I got the same in two variations for pure W usage (without
additional temp cell) and another one with temp cell usage.

2nd variation is:

       addlw   0x66    ;00ab00cd -> aAAbcCCd
       andlw   0xDD    ;-> aA0bcC0d
       addlw   0x11    ;-> aAbBcCdD

And with temp cell:

       movwf   temp    ;00ab00cd
       iorlw   0x55    ;01a101c1
       addwf   temp,W  ;aAbBcCdD

Last one is useful for storing original W for futher usage.

And now the story about what practical usage it covers.

I've been asked to design some trick to reduce code execution time
for rise and fall edge events on some port pins.   For instance we
have two samples, previous byte x0 and current byte x1. Each holds
inside value like aAbBcCdD. As a result of playing with vetical
math I realized that:

a) (x0^x1)&x1 = X0&x1 , which is "1" in case of rise event only
b) (X0^X1)&X1 = x0&X1 , which is "1" in case of fall event only

where X0=!x0, Y0=!y0

Example:

;...                            ;W holds 00ab00cd
       movwf   temp            ;save it for
       iorlw   0x55            ;future usage
       addwf   temp,W          ;get aAbBcCdD

       xorwf   prev,W          ;put x1 byte to prev
       xorwf   prev,F          ;get x0^x1 byte into W
       andwf   prev,W          ;get edges a) and b)
       iorwf   edges,F         ;detected edges
;...

We will get "rises detected" flags in 7.5.3.1. (case a) and
"falls detected" flags in 6.4.2.0 (case b)

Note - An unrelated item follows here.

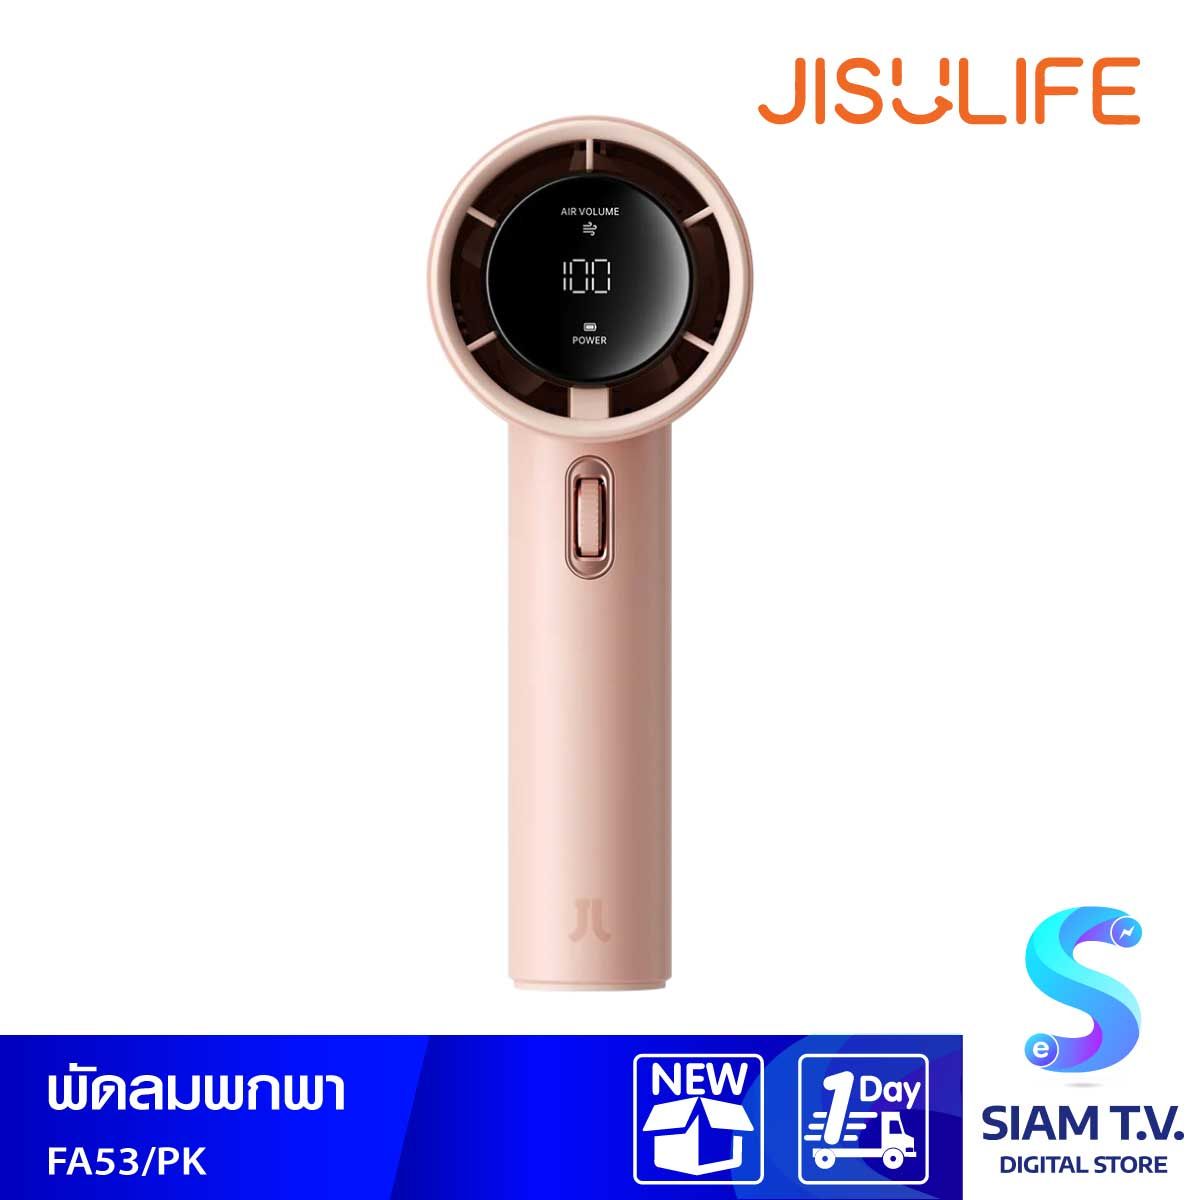 Jisulife FA53 Handheld Fan (ABS) Pink  พัดลมพกพา ให้แรงลมในระดับสูง สามารถปรับความแรงลมได้ 100 ระดับ

For instance edge can have a place somewhere within 10 samples
period, so instead of reading and analizing it each time you
can just accumulate it 10 times in edges cell and then analize
it only ones. (don't forget to reset edges flags after that ;)
Some clock saving anyway ;)

Probably someone can see another useful features of applying
aAbBcCdD view of 4 bits variable.

WBR Dmitry.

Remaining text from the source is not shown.